But the highlight of the five-school morning tour by members of the District 70 Board of Education Thursday, Oct. 4, had to be watching first-graders create terrariums.
“This is a blast to be out here to talk to students, teachers and principals and to understand why these improvements are helpful,” said board Vice President Tom Vickers after chatting with a first-grader about the dirt she scooped into her plastic container.
Four of seven District 70 school board members toured Butterfield, Adler Park, Copeland Manor, Highland Middle and Rockland schools from 9 a.m. to 1 p.m., viewing a variety of improvements made for the 2012-13 school year.
Board of Education members have toured the school buildings before, but those visits traditionally have fallen on a weekend with no students and teachers present. This tour was set up specifically to give the board members who could fit it into their work-day a view of the action.
“You can actually see it functioning as a school, not just an empty building,” Vickers said.
School Board President Maryann Ovassapian agreed that the school-day visit helped.
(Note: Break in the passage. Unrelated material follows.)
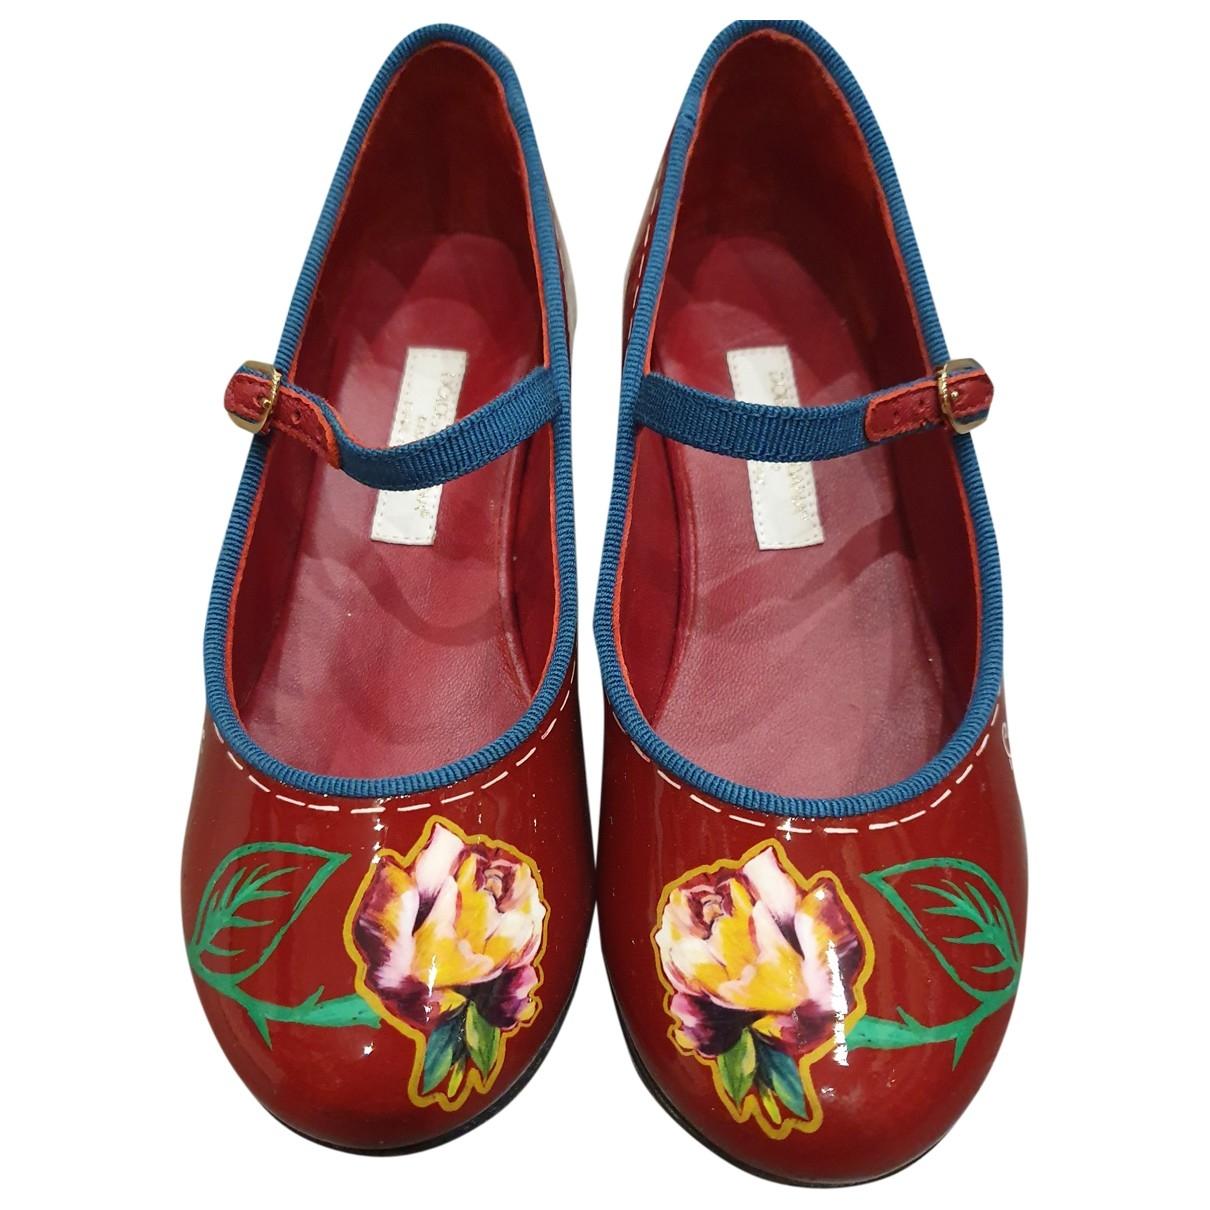 Dolce & Gabbana \N Burgundy Patent leather Ballet flats for Kids 29 EU

“I’m a very visual person. I like to see this,” Ovassapian said.
There’s no comparison, the board members agreed, to reading about an electronic automation board on paper and viewing it working in person.
“It solidifies our decisions,” board member Julie Damenti said. “Being hands-on, being in the school — especially when classes are in session — you get to see the benefits of our decisions in action.”
Butterfield School Principal Candice Kehoe packed six planned stops into her 30 minutes with the group, even squeezing in a couple of extras, one to view the new interactive white board in the Learning Center and another to check out the iPad tracking system in the new classroom for children with Individualized Education Programs (IEPs).
“We have a great relationship with our board,” Kehoe said. Meeting with board members firsthand during a school day “makes them connect more with the schools and it’s kind of rewarding, I think, for all their hard work.”